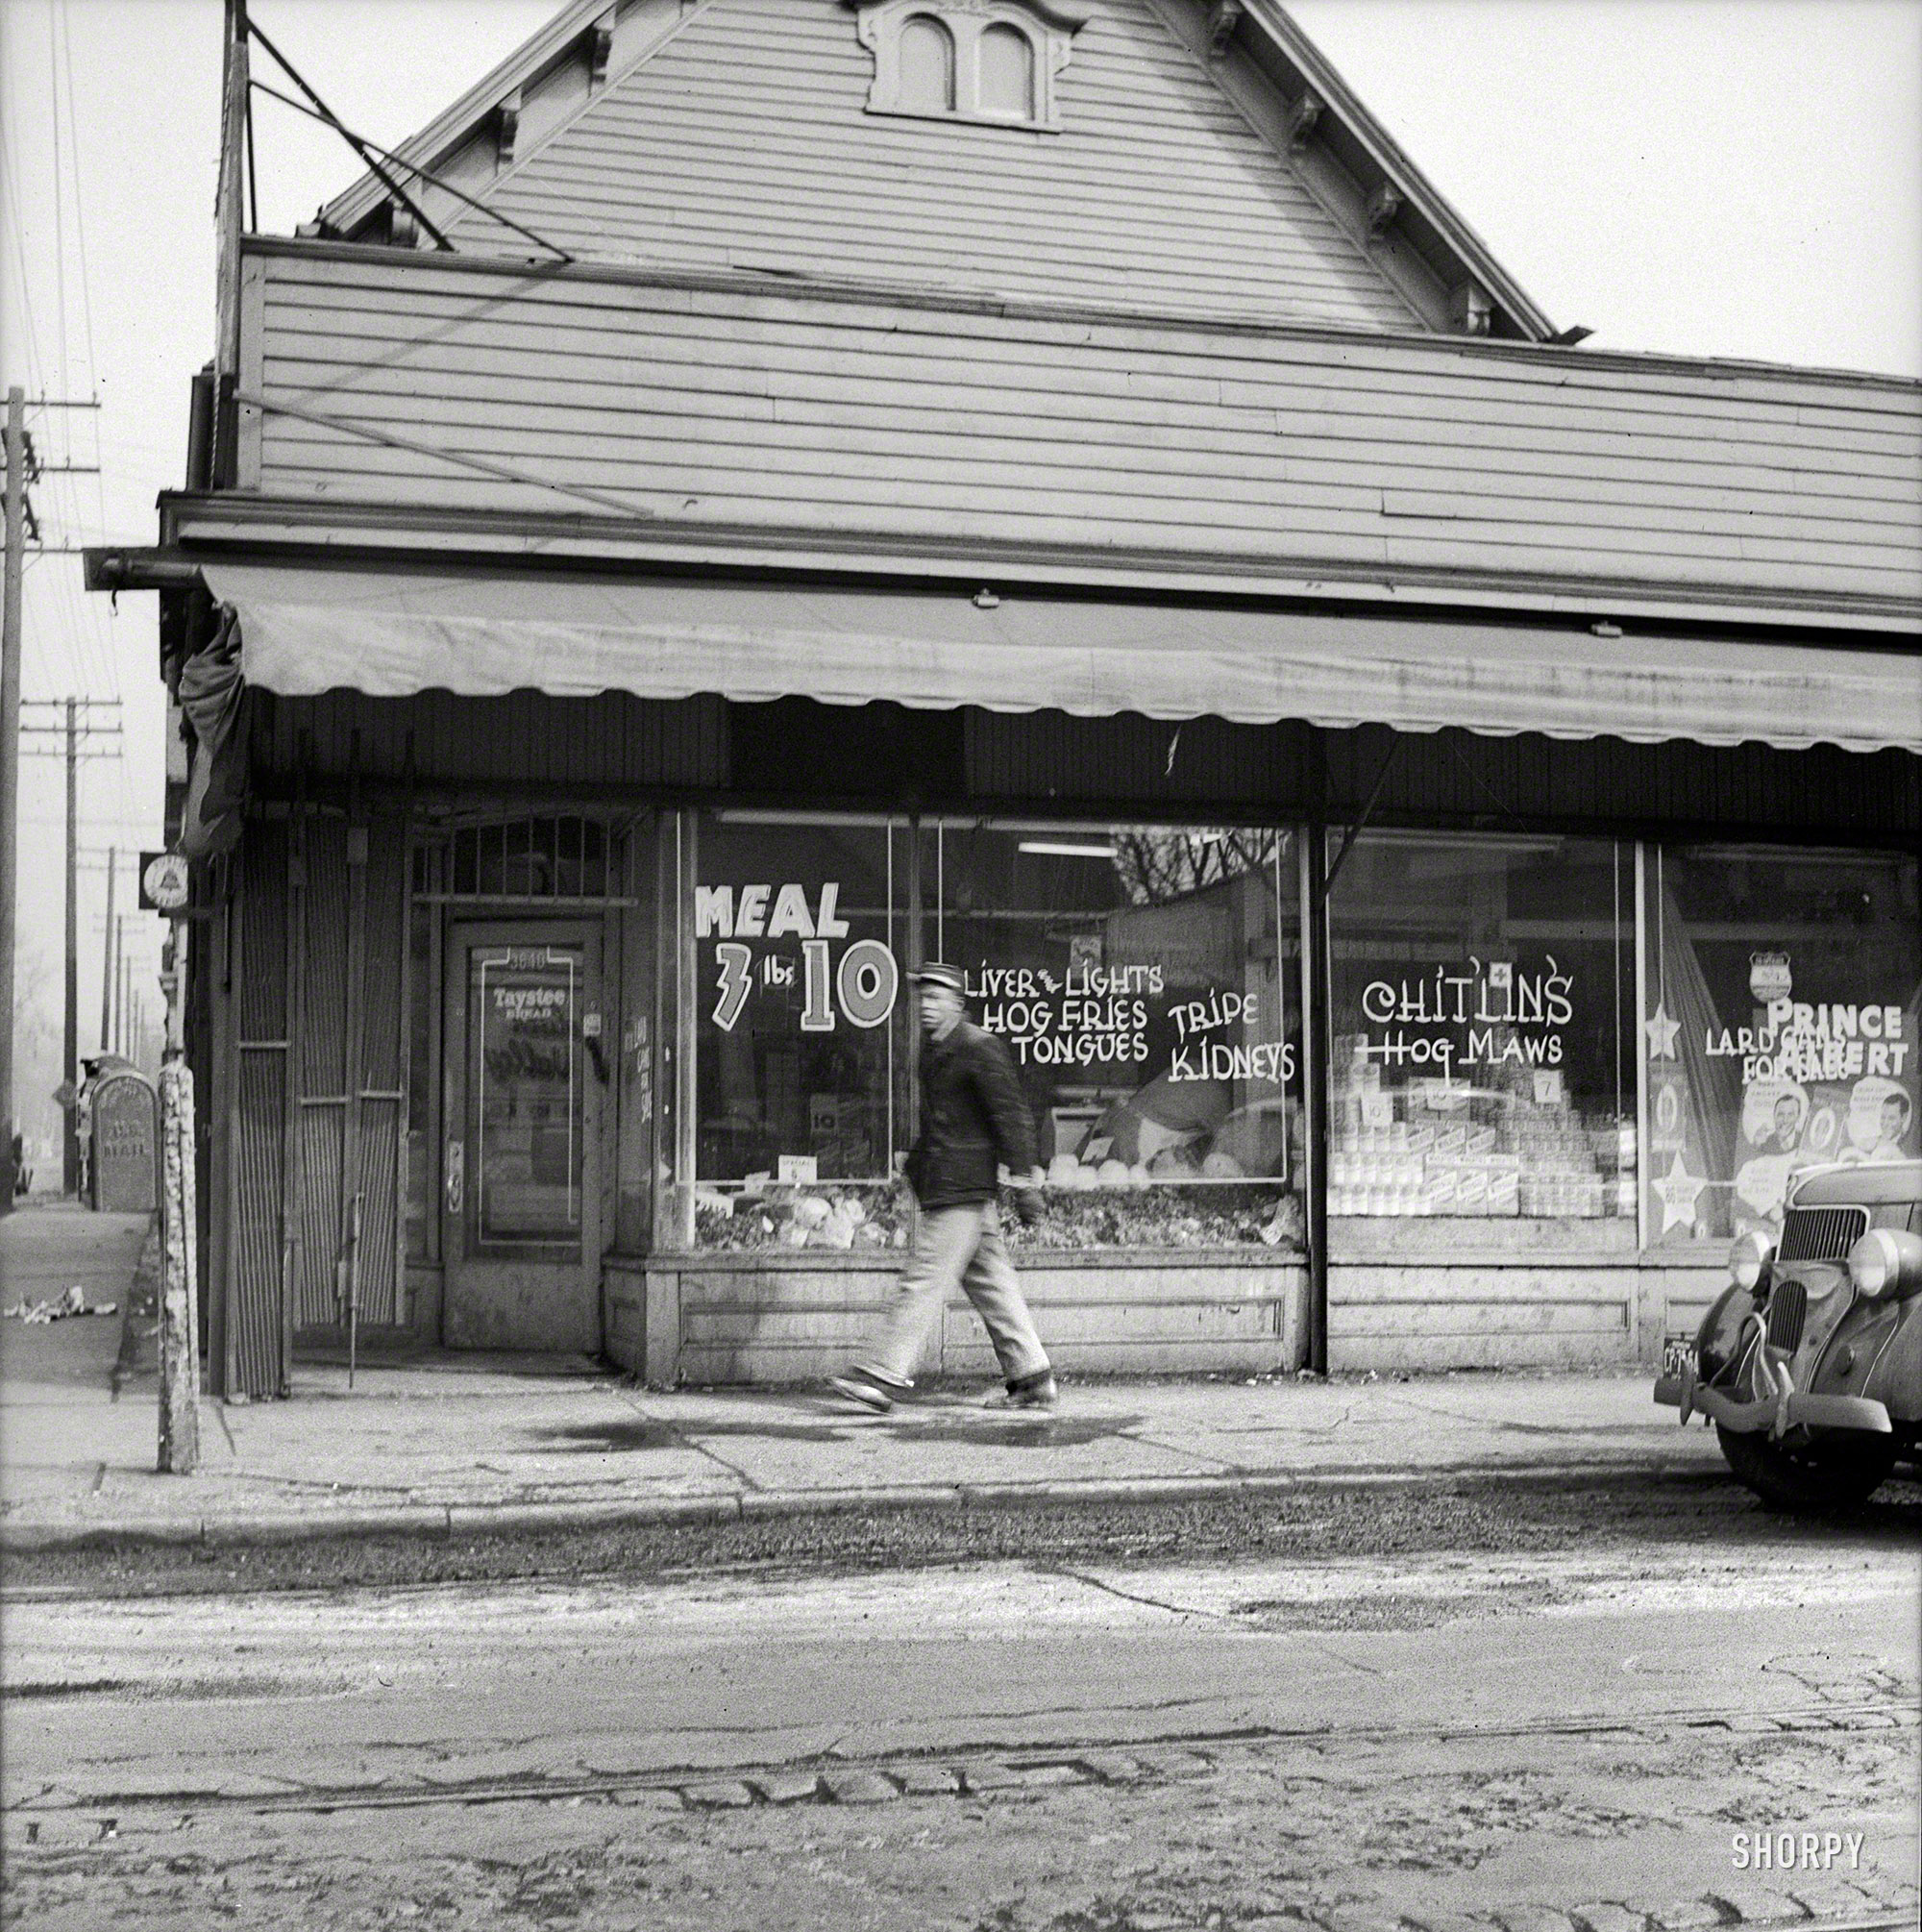 February 1942. Detroit, Michigan. "Sign in a grocery window in the Negro district: 'chitlins and hog maws'." Not to mention Taystee Bread. Medium-format nitrate negative by Arthur Siegel for the Office of War Information. View full size.
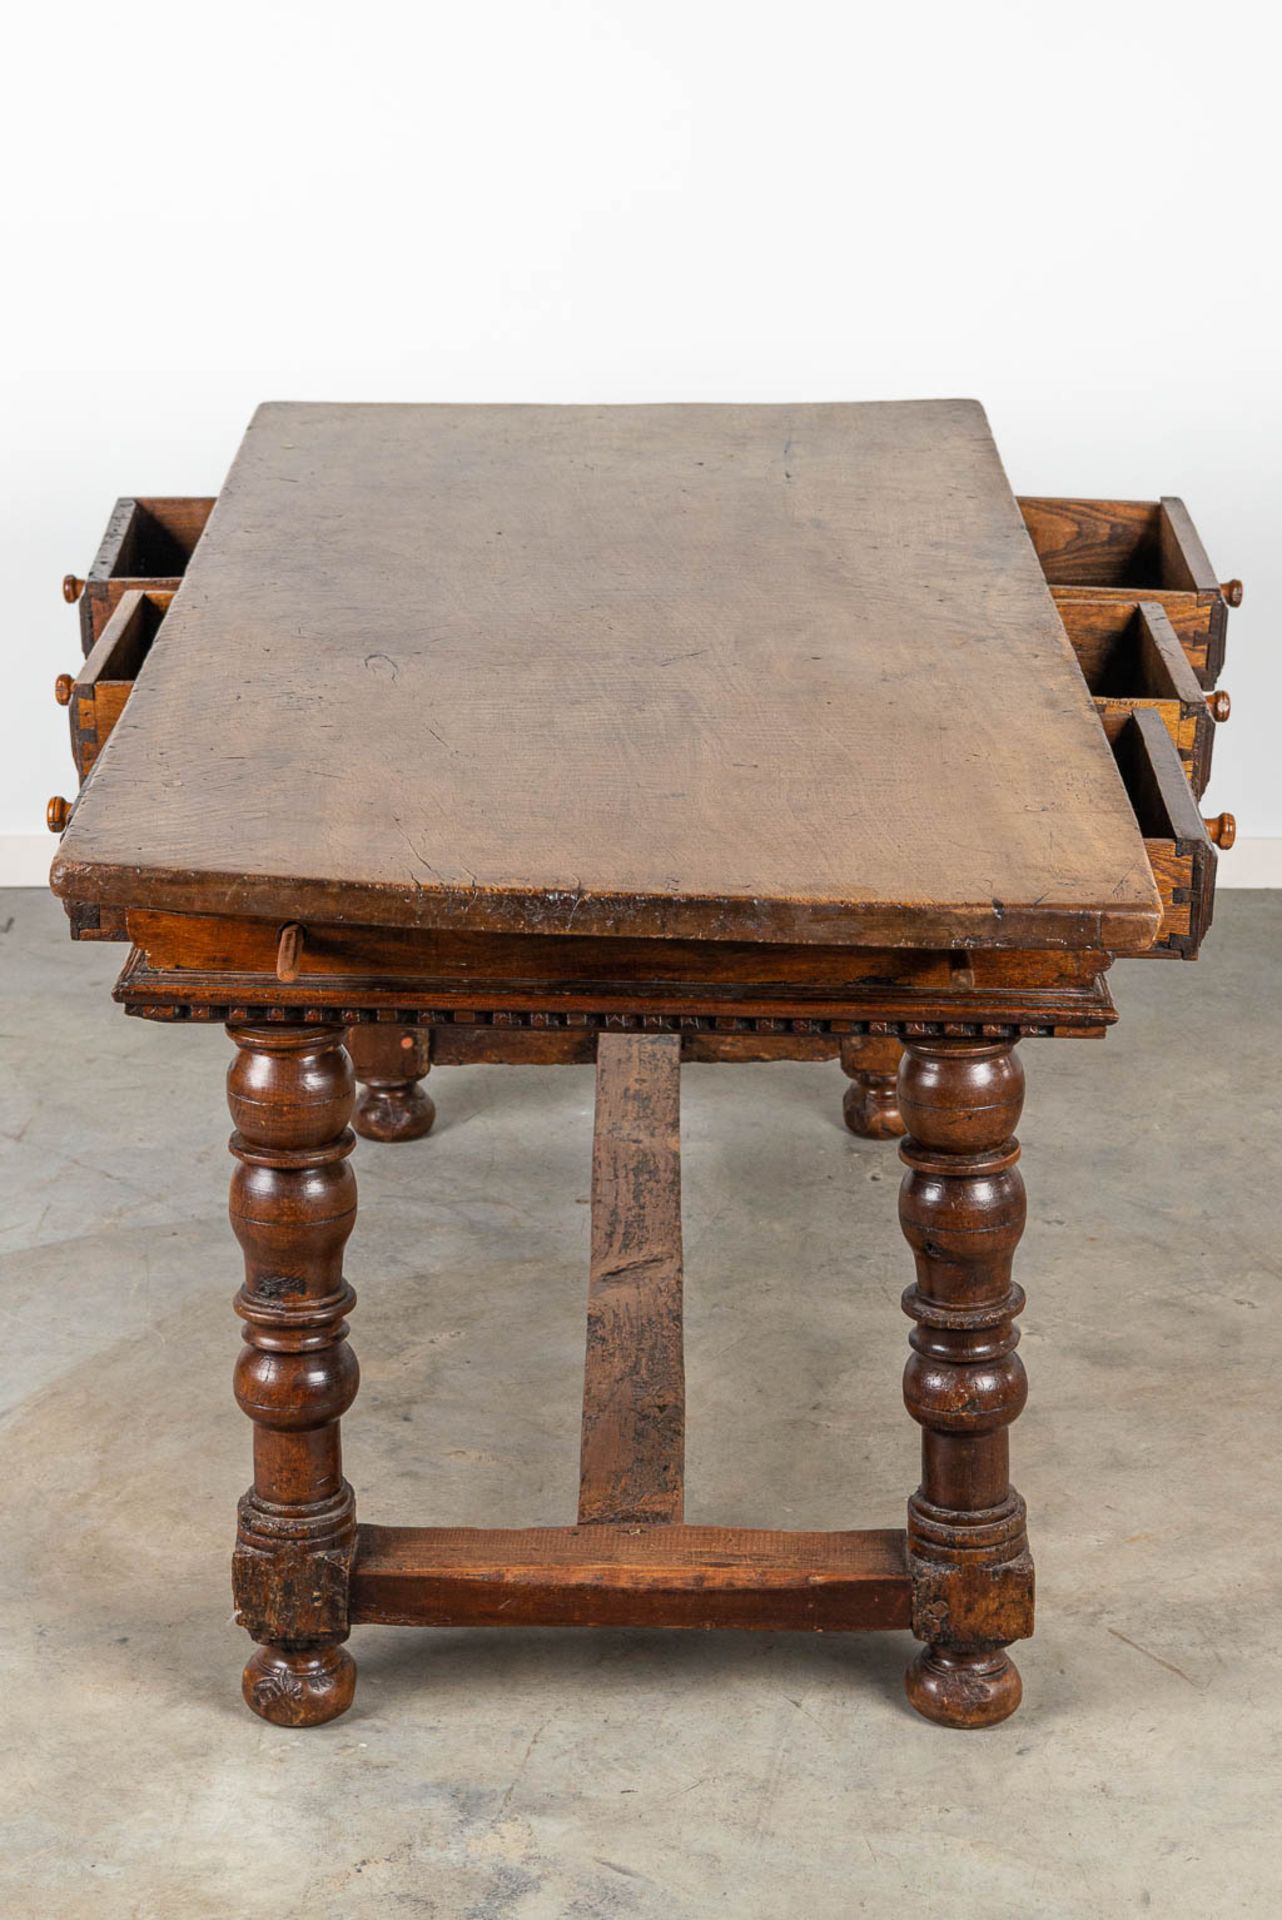 An antique table with 6 drawers, made during the 17th century. - Image 12 of 12
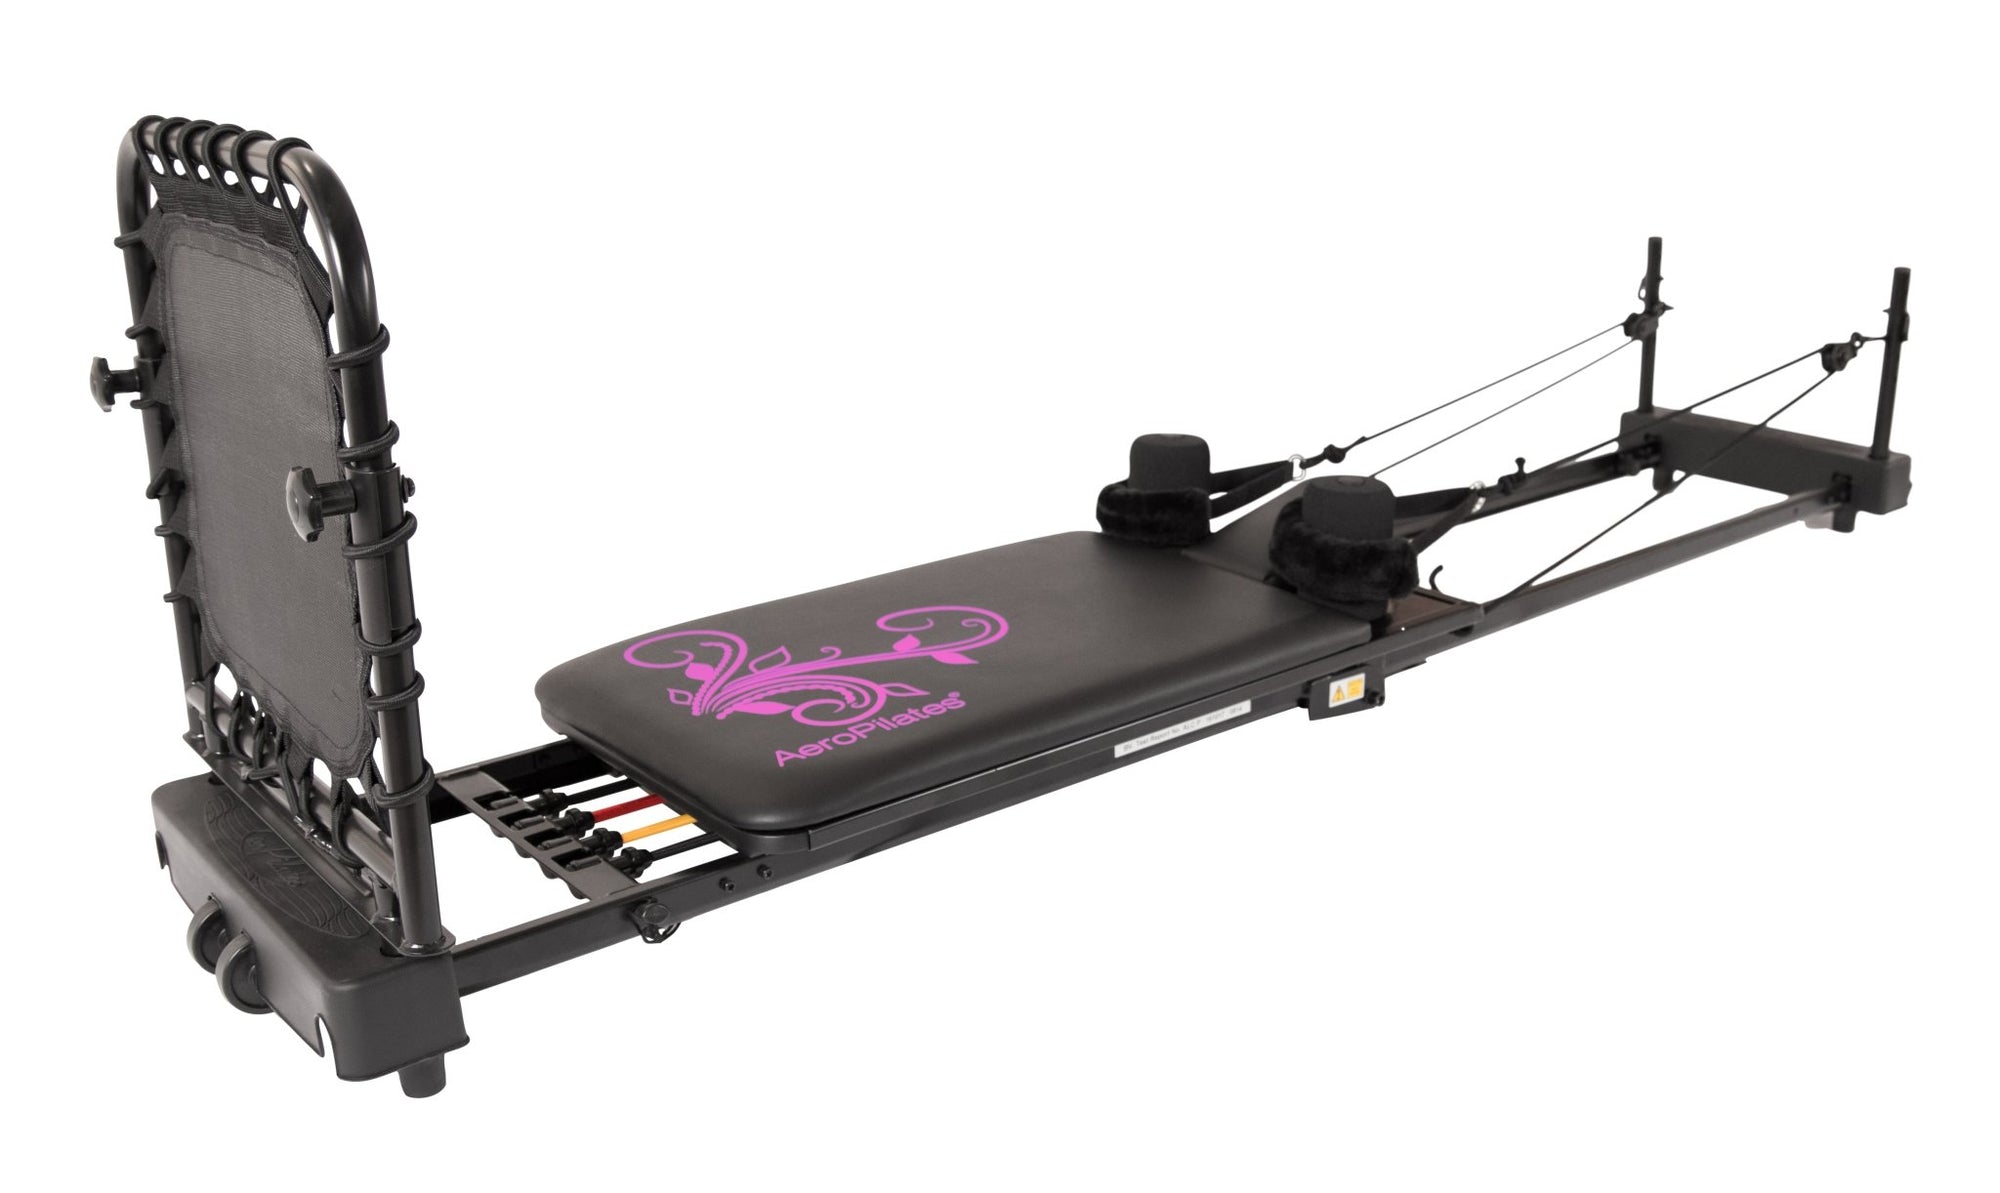 Best Aero Pilates Machine With Dvds And Poster for sale in

» Exercise
Here the job is to print all the data exactly, skipping any image.

» Solution for this problem
 February 1942. Detroit, Michigan. "Sign in a grocery window in the Negro district: 'chitlins and hog maws'." Not to mention Taystee Bread. Medium-format nitrate negative by Arthur Siegel for the Office of War Information. View full size.
 An antique table with 6 drawers, made during the 17th century. - Image 12 of 12
 Best Aero Pilates Machine With Dvds And Poster for sale in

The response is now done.